Cook dried pulses instead of buying cans
A 500g bag of dried beans or lentils costs a fraction of the equivalent in tins, drops the packaging, and a single soak-and-simmer fills your freezer with portions.
The humble tin of beans is one of the easiest swaps in the kitchen, because the dried version does the same job for a fraction of the cost and packaging. A tin is mostly water and a steel can — you’re paying to transport liquid and metal around the country, then recycling (or binning) the can within minutes of opening it.
Dried pulses skip all of that. You add the water at home, when you want it, and a single cheap bag stretches to five or six tins’ worth once it’s soaked and simmered. They store for years in a jar without a fridge, take up barely any space, and — bought loose from a refill shop — come with no packaging at all. Cook a big pot once a month and your freezer does the job the tin used to, minus the price tag.
The honest trade-off is time and forethought: you need to remember to soak, and the simmer ties up a hob for an hour or so. The fix is to cook in bulk and freeze in tin-sized portions, so the effort happens once and the convenience lasts for weeks.

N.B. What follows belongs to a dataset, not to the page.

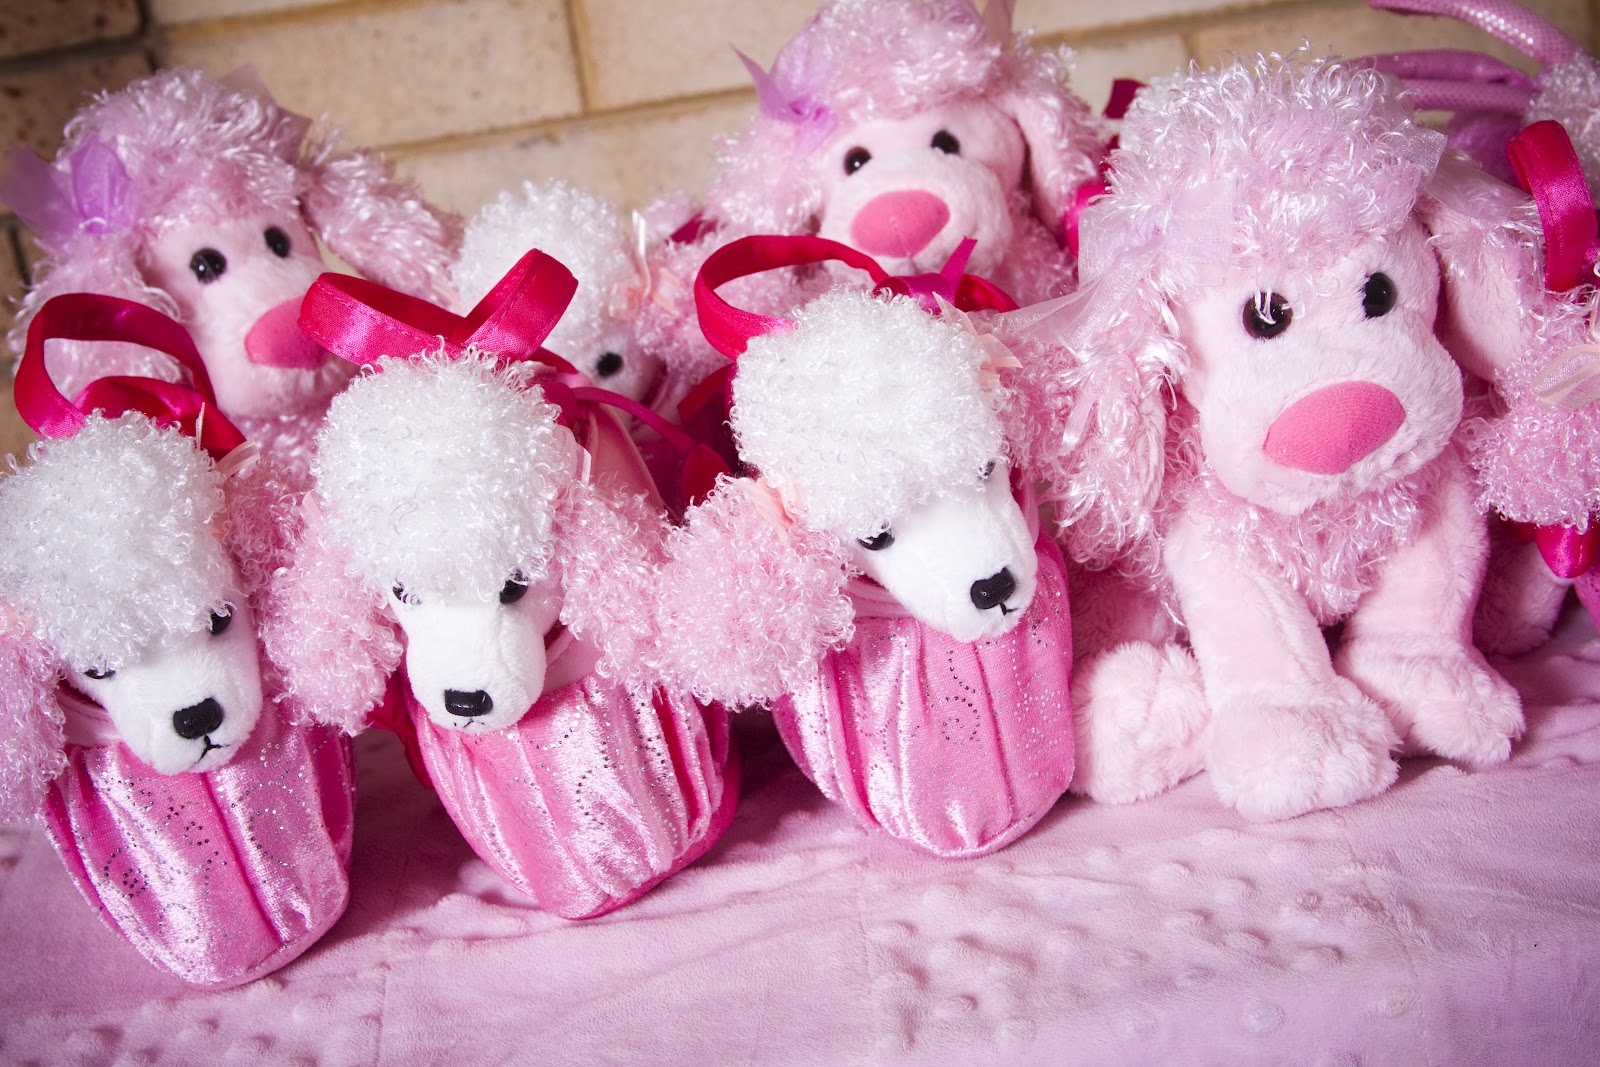 Cute Dogs Pink Poodle Dog

Lentils and split peas dodge the soaking step entirely, making them the perfect place to start before you graduate to chickpeas and kidney beans.
How to do it
- Buy dried pulses in a bag or, better still, refill them loose — chickpeas, kidney beans, black beans, lentils and split peas all keep for ages in a jar.
- Soak the beans overnight in plenty of cold water (lentils and split peas don't need soaking — skip ahead for those).
- Drain, cover with fresh water, bring to the boil, then simmer until tender — roughly 45–90 minutes depending on the bean and its age.
- Add salt only near the end; salting too early can keep beans tough.
- Cook a big batch at once, then cool and freeze in portion-sized tubs or bags with a splash of their cooking liquid.
- Defrost a portion whenever a recipe calls for 'one tin', no opening or rinsing required.
Pro tips & pitfalls
- A pressure cooker turns 90 minutes into about 20–30 and needs no soaking — worth it if you cook pulses often.
- Save the chickpea cooking water (aquafaba); whisked up, it whips like egg white for vegan meringues and mayonnaise.
- One 500g bag of dried beans roughly equals five or six tins once cooked, so scale your batch and freezer space to match.
What it's good for
Good for the planet
- Beats plastic No steel cans (often plastic-lined) and, if you refill the bag, no packaging at all — just a refillable jar.
- Cuts CO₂ You're not shipping water-heavy tins across the country; dried beans are light, compact and store for years without a fridge.
Good for you
- Saves money Dried pulses cost roughly a quarter to a third of the tinned equivalent — a 500g bag at €1–2 replaces five or six tins.